WHAT IS BEING ASKED:
For every line in the material below that holds "Samsung", report the line.

RECORDS FOR THIS TASK:
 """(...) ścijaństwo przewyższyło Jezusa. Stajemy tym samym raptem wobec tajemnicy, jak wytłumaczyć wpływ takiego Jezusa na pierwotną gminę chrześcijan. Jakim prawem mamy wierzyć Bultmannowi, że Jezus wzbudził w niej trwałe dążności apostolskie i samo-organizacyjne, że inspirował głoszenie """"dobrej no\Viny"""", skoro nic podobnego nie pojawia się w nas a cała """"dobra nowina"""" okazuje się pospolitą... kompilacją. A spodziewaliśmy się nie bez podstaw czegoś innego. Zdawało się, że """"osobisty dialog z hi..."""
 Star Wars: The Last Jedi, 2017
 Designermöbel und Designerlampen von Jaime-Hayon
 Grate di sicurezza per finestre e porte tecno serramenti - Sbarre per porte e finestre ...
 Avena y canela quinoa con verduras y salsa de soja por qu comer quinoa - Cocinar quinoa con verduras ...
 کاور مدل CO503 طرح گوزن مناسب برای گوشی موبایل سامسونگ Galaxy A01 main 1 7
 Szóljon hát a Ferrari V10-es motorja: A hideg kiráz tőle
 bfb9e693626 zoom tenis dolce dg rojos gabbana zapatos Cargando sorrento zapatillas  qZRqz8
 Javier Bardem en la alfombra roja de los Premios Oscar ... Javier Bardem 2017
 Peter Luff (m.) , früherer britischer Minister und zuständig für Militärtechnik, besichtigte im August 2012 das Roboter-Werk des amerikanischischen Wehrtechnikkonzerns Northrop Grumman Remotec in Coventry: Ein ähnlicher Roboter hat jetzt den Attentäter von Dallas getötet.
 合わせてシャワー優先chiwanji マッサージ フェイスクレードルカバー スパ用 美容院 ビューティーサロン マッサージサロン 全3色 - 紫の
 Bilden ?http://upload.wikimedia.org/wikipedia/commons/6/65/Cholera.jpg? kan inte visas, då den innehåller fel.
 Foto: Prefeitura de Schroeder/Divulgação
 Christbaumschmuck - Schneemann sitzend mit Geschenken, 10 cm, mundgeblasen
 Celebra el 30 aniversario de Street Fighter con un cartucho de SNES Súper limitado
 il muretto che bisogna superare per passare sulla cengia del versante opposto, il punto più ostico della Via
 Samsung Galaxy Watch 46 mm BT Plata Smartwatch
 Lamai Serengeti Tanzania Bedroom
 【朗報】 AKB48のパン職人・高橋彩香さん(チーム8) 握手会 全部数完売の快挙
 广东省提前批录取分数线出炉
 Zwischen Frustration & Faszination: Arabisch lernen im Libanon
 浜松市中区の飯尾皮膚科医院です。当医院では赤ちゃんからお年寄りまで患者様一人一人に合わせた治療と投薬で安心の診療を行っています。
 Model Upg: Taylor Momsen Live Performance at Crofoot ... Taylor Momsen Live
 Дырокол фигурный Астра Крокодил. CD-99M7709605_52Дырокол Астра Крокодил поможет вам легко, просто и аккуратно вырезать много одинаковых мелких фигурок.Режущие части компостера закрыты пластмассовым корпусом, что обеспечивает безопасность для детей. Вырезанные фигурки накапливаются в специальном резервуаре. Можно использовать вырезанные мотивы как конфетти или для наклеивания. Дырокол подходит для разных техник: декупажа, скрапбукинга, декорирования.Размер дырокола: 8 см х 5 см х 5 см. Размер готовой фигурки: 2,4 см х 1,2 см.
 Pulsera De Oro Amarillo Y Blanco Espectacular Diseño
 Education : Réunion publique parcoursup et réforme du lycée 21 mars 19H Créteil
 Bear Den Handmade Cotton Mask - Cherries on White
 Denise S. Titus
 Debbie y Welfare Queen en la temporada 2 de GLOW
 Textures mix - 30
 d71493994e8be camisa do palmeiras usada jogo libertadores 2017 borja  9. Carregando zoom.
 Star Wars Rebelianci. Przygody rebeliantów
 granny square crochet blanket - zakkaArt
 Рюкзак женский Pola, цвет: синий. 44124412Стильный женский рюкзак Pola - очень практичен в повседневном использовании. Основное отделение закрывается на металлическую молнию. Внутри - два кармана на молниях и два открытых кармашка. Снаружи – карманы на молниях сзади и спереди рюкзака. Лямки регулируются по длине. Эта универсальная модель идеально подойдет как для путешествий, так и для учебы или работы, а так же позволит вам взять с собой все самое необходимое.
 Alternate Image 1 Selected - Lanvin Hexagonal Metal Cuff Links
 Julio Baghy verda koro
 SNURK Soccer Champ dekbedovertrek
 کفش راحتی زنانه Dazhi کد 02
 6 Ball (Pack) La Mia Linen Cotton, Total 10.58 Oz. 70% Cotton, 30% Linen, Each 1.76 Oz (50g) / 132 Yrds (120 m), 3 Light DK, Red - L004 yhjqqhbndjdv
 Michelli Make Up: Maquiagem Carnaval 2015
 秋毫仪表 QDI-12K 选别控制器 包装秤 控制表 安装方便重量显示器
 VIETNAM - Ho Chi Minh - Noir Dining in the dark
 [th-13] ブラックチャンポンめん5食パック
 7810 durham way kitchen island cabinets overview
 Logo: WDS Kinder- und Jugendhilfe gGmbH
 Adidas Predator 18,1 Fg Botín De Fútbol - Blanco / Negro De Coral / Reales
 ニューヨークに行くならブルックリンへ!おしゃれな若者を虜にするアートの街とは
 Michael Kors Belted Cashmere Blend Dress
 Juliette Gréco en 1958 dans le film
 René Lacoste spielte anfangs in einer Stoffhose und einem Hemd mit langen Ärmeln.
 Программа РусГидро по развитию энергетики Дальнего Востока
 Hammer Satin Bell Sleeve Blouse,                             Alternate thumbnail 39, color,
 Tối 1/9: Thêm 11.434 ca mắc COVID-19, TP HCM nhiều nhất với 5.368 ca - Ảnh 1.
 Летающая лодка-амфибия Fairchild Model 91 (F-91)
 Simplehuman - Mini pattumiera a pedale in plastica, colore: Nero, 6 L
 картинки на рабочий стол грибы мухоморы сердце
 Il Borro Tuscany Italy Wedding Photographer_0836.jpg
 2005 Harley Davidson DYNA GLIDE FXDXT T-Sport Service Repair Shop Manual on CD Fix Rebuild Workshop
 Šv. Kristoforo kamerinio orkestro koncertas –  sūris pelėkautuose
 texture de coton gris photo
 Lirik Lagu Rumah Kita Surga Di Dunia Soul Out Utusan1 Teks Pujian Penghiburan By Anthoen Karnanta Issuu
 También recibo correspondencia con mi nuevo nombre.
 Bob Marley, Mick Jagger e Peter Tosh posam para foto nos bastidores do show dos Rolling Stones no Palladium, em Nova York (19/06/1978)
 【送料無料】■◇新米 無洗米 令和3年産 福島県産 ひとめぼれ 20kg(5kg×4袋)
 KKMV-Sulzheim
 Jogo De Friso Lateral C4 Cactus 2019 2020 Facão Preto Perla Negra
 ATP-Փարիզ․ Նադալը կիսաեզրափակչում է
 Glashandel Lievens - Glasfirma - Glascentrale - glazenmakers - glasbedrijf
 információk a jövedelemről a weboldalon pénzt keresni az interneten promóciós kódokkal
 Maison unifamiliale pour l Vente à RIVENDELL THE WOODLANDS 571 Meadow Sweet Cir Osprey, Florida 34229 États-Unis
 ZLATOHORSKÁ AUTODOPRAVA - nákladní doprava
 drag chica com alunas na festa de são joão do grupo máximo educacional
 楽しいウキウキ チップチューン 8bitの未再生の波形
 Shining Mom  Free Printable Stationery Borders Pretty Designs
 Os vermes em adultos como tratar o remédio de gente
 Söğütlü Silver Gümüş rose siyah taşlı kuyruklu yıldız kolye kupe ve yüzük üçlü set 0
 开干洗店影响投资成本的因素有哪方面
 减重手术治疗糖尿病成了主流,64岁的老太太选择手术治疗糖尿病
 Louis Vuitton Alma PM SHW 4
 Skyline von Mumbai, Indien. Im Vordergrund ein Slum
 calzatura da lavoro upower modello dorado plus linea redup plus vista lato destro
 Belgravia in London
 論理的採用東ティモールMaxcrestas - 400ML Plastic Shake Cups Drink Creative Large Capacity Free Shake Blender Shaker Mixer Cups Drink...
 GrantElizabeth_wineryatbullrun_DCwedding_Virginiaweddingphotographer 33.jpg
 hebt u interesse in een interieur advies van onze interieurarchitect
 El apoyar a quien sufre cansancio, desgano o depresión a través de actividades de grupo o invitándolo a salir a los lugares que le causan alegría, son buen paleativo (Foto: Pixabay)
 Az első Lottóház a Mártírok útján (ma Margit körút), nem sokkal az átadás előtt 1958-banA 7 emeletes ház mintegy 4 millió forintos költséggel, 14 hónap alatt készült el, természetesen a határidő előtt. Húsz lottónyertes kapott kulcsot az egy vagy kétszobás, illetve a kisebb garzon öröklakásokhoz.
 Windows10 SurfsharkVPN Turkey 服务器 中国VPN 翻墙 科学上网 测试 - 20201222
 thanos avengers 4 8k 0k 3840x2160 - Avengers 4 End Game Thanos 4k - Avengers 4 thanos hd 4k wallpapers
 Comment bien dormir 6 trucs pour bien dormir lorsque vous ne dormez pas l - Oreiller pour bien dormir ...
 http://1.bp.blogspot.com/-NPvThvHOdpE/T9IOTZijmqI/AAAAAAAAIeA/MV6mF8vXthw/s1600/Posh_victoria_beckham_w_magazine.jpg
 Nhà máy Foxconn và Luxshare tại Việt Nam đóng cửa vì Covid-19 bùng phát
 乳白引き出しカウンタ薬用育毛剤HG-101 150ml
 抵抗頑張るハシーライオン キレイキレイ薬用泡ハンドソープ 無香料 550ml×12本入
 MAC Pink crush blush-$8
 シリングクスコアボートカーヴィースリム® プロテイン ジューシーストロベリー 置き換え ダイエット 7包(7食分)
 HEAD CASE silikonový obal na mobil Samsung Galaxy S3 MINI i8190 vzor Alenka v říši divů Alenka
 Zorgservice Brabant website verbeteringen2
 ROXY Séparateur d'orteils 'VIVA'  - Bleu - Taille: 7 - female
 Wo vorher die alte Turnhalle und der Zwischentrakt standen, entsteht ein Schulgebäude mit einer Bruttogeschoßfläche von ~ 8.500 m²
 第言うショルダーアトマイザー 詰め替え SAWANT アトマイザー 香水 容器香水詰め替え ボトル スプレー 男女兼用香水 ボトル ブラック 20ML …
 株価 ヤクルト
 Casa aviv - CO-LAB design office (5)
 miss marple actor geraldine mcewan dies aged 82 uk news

ANSWER SECTION:
 Samsung Galaxy Watch 46 mm BT Plata Smartwatch
 HEAD CASE silikonový obal na mobil Samsung Galaxy S3 MINI i8190 vzor Alenka v říši divů Alenka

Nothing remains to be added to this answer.